World Oil Market Forecast
Cyclical strengthening is currently underway in the global economy with the U.S. in a better position to support global growth. OPEC cannot rebalance oil markets because the surplus is too large. Even with PIRA's assumed substantial OPEC cuts at the upcoming November 27 meeting, supply will be over 1 MMB/D higher than demand in 2015. Oil markets will have to be rebalanced via price. The market will see greater contango but prices in the front of the market will inevitably be anchored by bullish medium term oil supply/demand balances.

U.S. Stock Excess Modestly Widens
This past week's inventory increase was slightly larger than the increase last year in the same week, widening the year-on-year inventory. Crude stocks still remain 2.1 million barrels below last year, middle distillate nearly 1 million barrels below, and gasoline 11.1 million barrels lower. Gasoline stocks are relatively low, but with resupply expected from higher runs and imports, gasoline has recently taken a drubbing. Not surprisingly, the one major product category showing a large surplus to last year's inventory is "other" products, which is mostly NGLs.

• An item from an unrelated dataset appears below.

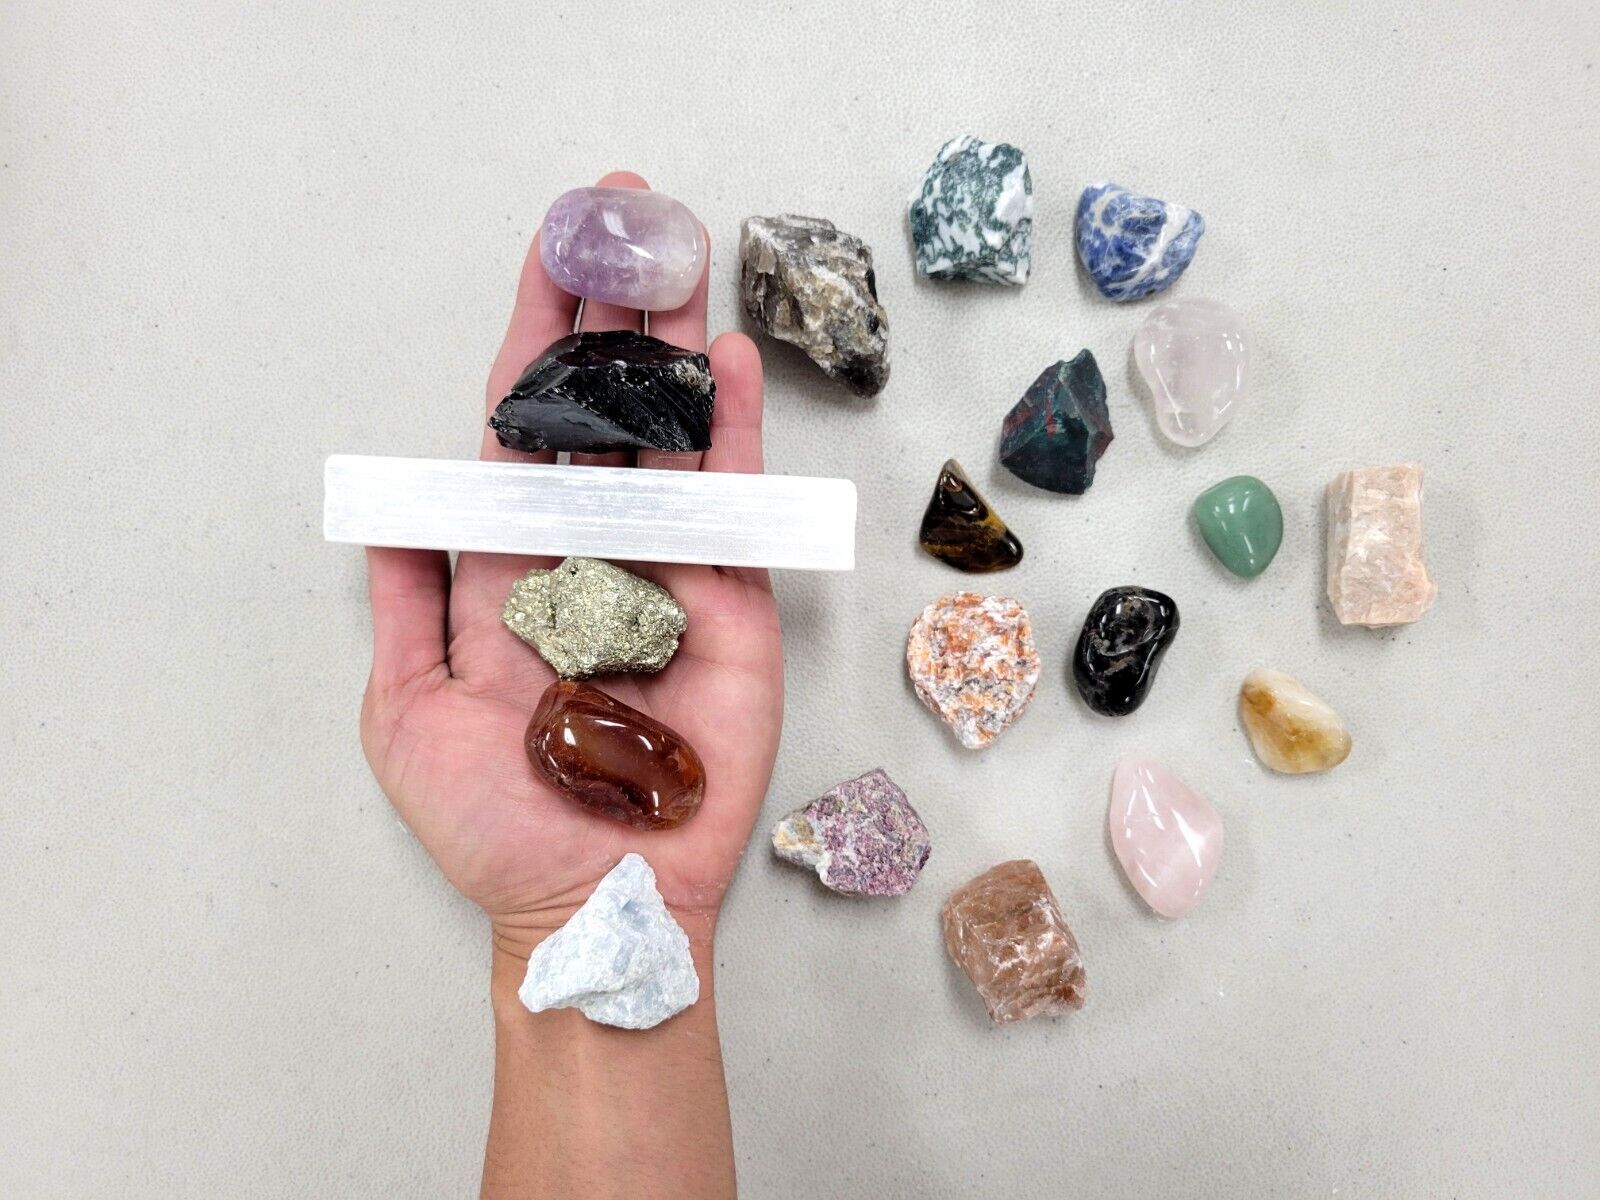 20 PCS Crystal Starter Set, Mixed Healing Crystals Natural Gemstones Collection

Japanese Crude Runs Ease, But Crude Stocks Draw
Crude runs eased, while crude imports declined sufficiently to draw crude stocks moderately. Finished product stocks resumed building with much of it being kerosene. Gasoline demand was modestly higher, and stocks posted a small draw. Gasoil demand was surprisingly weak, but lower yield tempered the stock build. Kerosene demand continued to run at seasonally low levels with higher yield, which boosted the stock build rate to a strong 132 MB/D. Refining margins remain soft with all the major product cracks, except for middle distillates (kero and gasoil) weakening.

The Sensitivity of Shale (and Other) Oil Production to Lower Price
We expect shale oil production to be relatively sensitive to a drop in oil prices, but the response will not occur immediately. A price lower than $80 on an LLS basis will reduce production, both due to the deterioration of the economics of the key shale plays as well as the reduction of cash flows and borrowing capability for the operators. However, the production impact during the first year will emerge slowly, as existing hedges, rig obligations and high-grading of drilling will initially temper the effect of lower prices. In the long-term, these impacts will grow substantially although lower activity levels should also eventually lead to lower costs, partially offsetting the price effect.

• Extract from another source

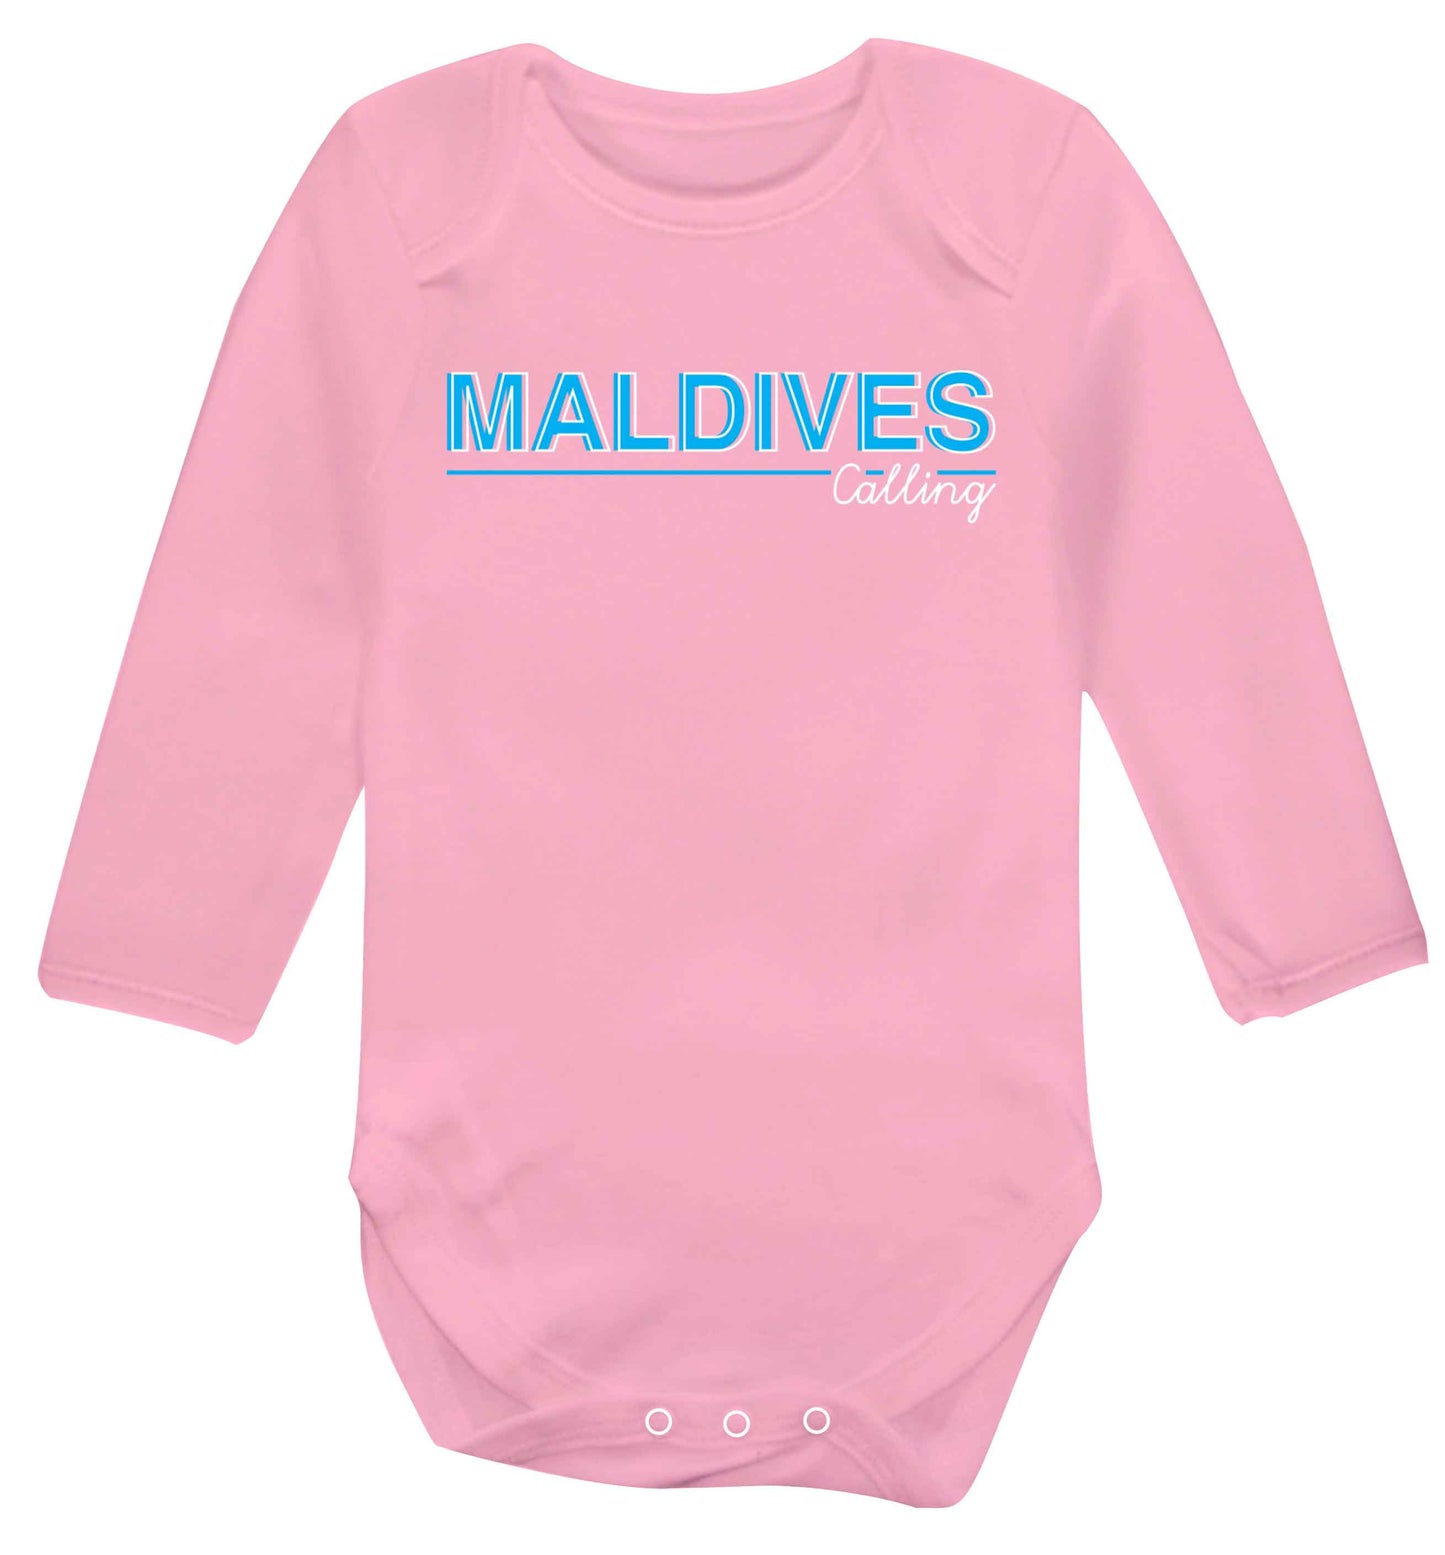 Maldives calling Baby Vest long sleeved pale pink 6-12 months

U.S. NGL Complex Spirals Lower
December Mont Belvieu propane futures continued to spiral lower, falling 5.4% to $0.86/gal the lowest price since July 2014. Ever increasing stocks and challenging export economics continue to complicate matters for the fuel/feedstock. Midcontinent propane markets were slightly better, only 3.4% lower, widening the Conway premium to 6.5¢/gal – the highest this season. Next week, falling crude prices will continue to drag on NGL prices while closed spot arbitrage economics will hinder exports to Europe and Asia.

U.S. Production Margins Improved After Declining for Eight Straight Weeks
The cash margins for U.S. ethanol manufacture rebounded the week ending October 17 as the market tightened. Ethanol was $1.78 per gallon in Chicago on Friday, up 21.9% from its $1.46 bottom on October 2.

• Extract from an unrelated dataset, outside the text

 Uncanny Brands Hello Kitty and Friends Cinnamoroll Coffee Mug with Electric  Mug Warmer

U.S. Ethanol Stocks Fall to Seven-Week Low
U.S. ethanol inventories declined for three consecutive weeks, dropping to a seven-week low 17.9 million barrels. Ethanol production rebounded to 896 MB/D the week ending October 17, up from 885 MB/D during the preceding week.

The information above is part of PIRA Energy Group's weekly Energy Market Recap - which alerts readers to PIRA's current analysis of energy markets around the world as well as the key economic and political factors driving those markets.